You can do it, just start shopping now for your equipment equipment is cheaper then dirt right now. My first bakery cost me 15K and took me 2 years to acquire the gear. I purchased 2 mixer 6 months ago, 20Q and a 140Q for 5K both are about 6 years old. Call the manufactures and ask to speak with the sales dude. They all want to move equipment and most have returns, freight damage etc. Go for it, life is short and sooner then later this buyers market is going to go away and a darn hobart is going back up to 10-15?k of a used one.


----------



## foodpump (Oct 10, 2005)

Venom has some very good advice, but probably the best is to "research everything".

This means to go down to yoru City Hall, and see what the respective Dept.s (plumbing, electrical, enviromental, Health want for a commercial kitchen, an dwhat it takes to get your occupancy permit.

9 times out of 10 It is cheaper to take a p.o.s. clapped out restaurant and bring it up to code than it is to start with a clean slate.  Like I said above, the single most expensive piece of infrastructure is the ventilatio system, and then plumbing and electrical installs.

Don't even start to think about equipment right now, there is plenty of stuff out there, but when the time comes, follow this golden rule:

NEVER BUY USED REFRIGERATION, 

-By all means buy used sinks, dish tableing, shelves prep tables, smallwares, cutlery, etc. But make sure the sinks are NSF approved, or you'll catch it from Health

-Stay away from used mechanical appliances like dishwashers

-In general, used gas equipment is good bet, nothing much goes wrong and it is easy to fix


----------



## swedzfish2 (Oct 8, 2009)

I was told on several occasions not to buy used refridgeration. I went to a couple of Rest suppliers and thought they were expensive. I'm looking on Craig's List for prep tables but they go real fast. Anyway, thank you everyone for the info. I need to REALLY research this before I move forward.


----------



## foodpump (Oct 10, 2005)

Some say that buying used refrig. is like buying a used car.  Many do so, and if you're a competant mechanic or have a 2nd car as back up, that's just fine.

When you park your car, it's "OFF".  nothing's running, nothing's moving.  When you leave your kitchen, the fridge is still running 24/7, compressor cycles on and off, defrost cycle kicks in and out, cabinet fan constantly going.

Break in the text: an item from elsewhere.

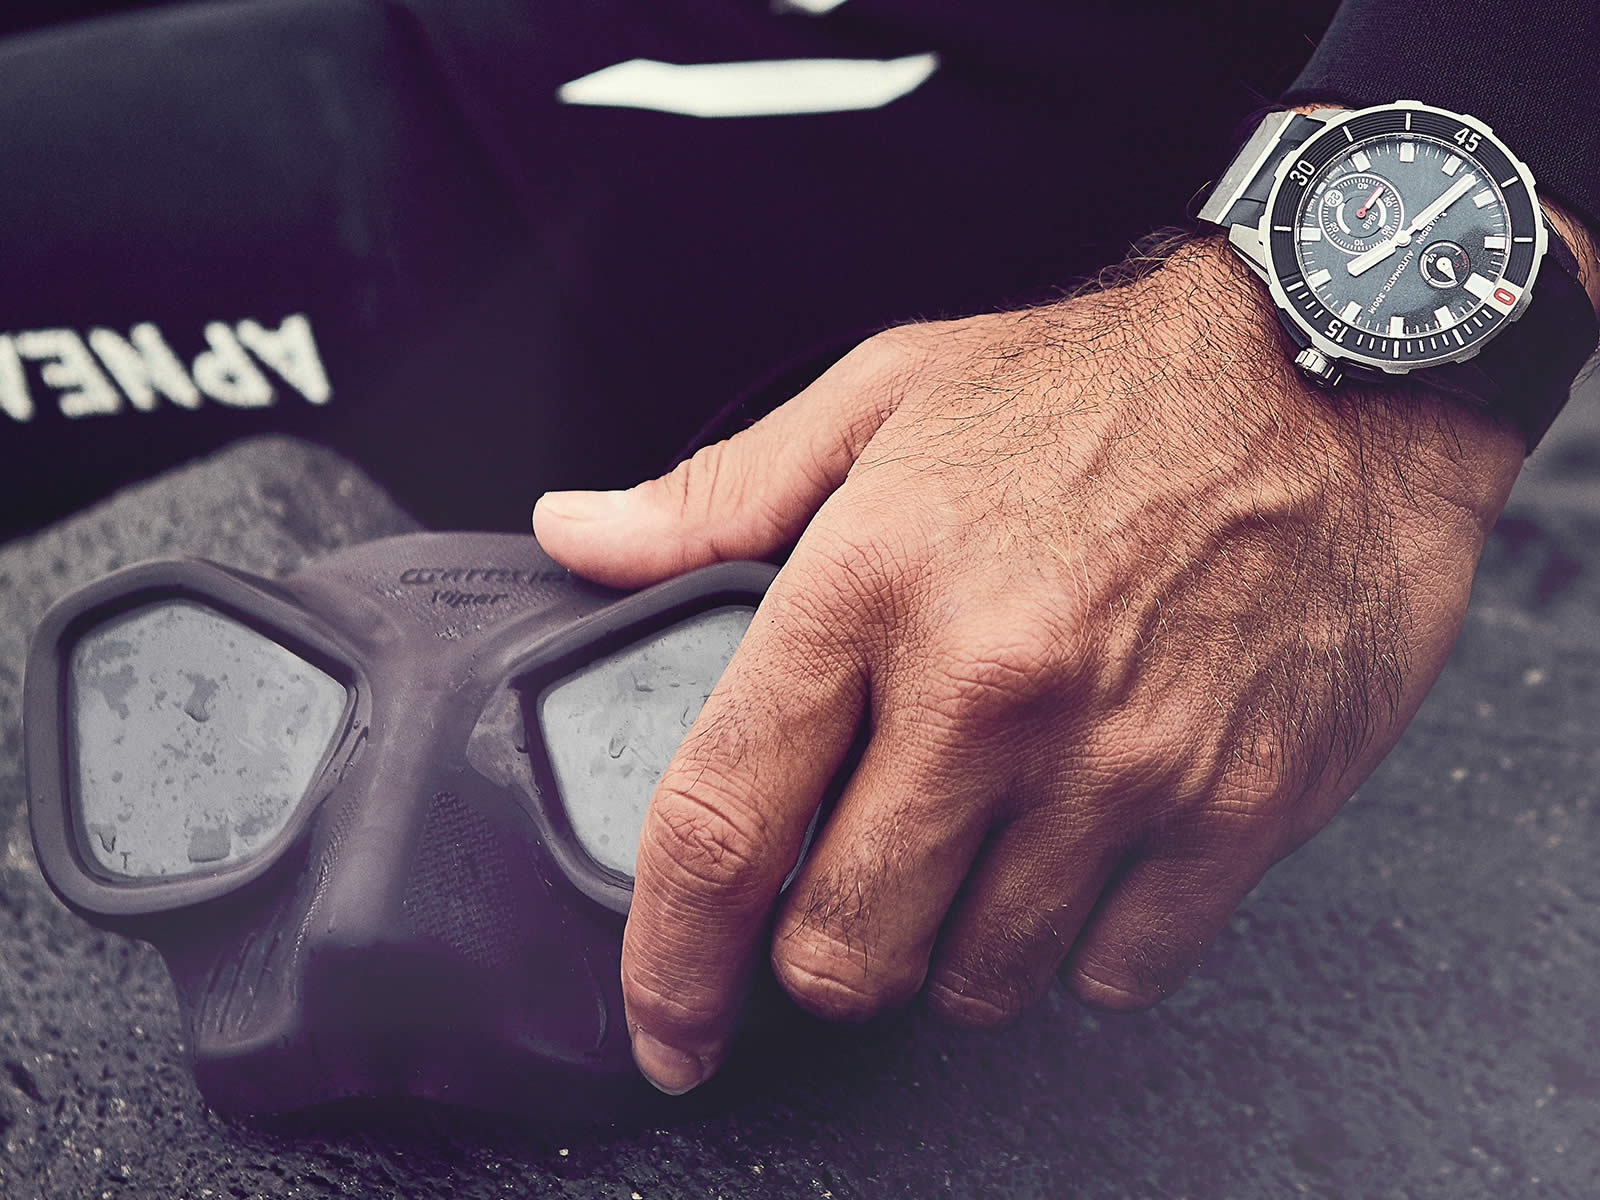 ulysse-nardin-diver-chronometer-2018-models-11-.jpg

The fridge is your "vault", if you like.  Not only have you got raw ingredients in there, but finished goods and  semi-finished goods--tomorrow's sales.  You have a lot of money in terms of labour and potential sales behind that door.  If the fridge goes, you loose money, not just in throwing out ingredients and products, but time lost in procuring new ingredients, time lost in making new products, time lost in  mucking out the cabinet.  Then there's the repair costs, usually around $65/hr not including transport time and no guarantees that they will have the parts.  It sucks. 

You'll find used equipment at auctions, at restaurant equp. dealers, and in the papers.  Get to know the sources around your area.  One method of measurement is the warranty period a used equip. dealer will give you.

Hope this helps


----------



## swedzfish2 (Oct 8, 2009)

thank you Foodpump! was wondering if a fryolater is a whole other issue as far as installation,ins cost?


----------



## pbj sweets (Jan 23, 2013)

You can't cook and sell at a home based kitchen in some states like Texas!


----------



## michaelga (Jan 30, 2012)

Pbj Sweets said:


> You can't cook and sell at a home based kitchen in some states like Texas!


impressive...

your first post is OT on a 3 year old post...

welcome - nowhere to go but up from here !


----------



## petemccracken (Sep 18, 2008)

Pbj Sweets said:


> You can't cook and sell at a home based kitchen in some states like Texas!


Hm, not according to: http://homebasedbaking.com/knowledgebase/rules-regulations/cottage-food-law-states/

They list the following as the only states NOT permitting home based baking:

Alaska
Connecticut
Delaware
Hawaii
Idaho
Kansas
Montana
Nebraska
North Dakota
Oklahoma
Rhode Island


----------



## foodpump (Oct 10, 2005)

MichaelGA said:


> impressive...
> 
> your first post is OT on a 3 year old post...
> 
> welcome - nowhere to go but up from here !


bUT WAIT! There's more!

The o.p stated in his first post (albeit 30 mths ago) that he was working out of an inspected, commercial kitchen, just that it was too small. ici


----------



## chloescakes (Jan 26, 2014)

This is not true in all cases.  Texas has passed Cottage Food Laws that allow you to bake certain things in a home kitchen as long as you make less than 50gs a year.


----------



## eastshores (Oct 23, 2008)

This thread seems popular with new posters /img/vbsmilies/smilies/biggrin.gif .. two years in a row!


----------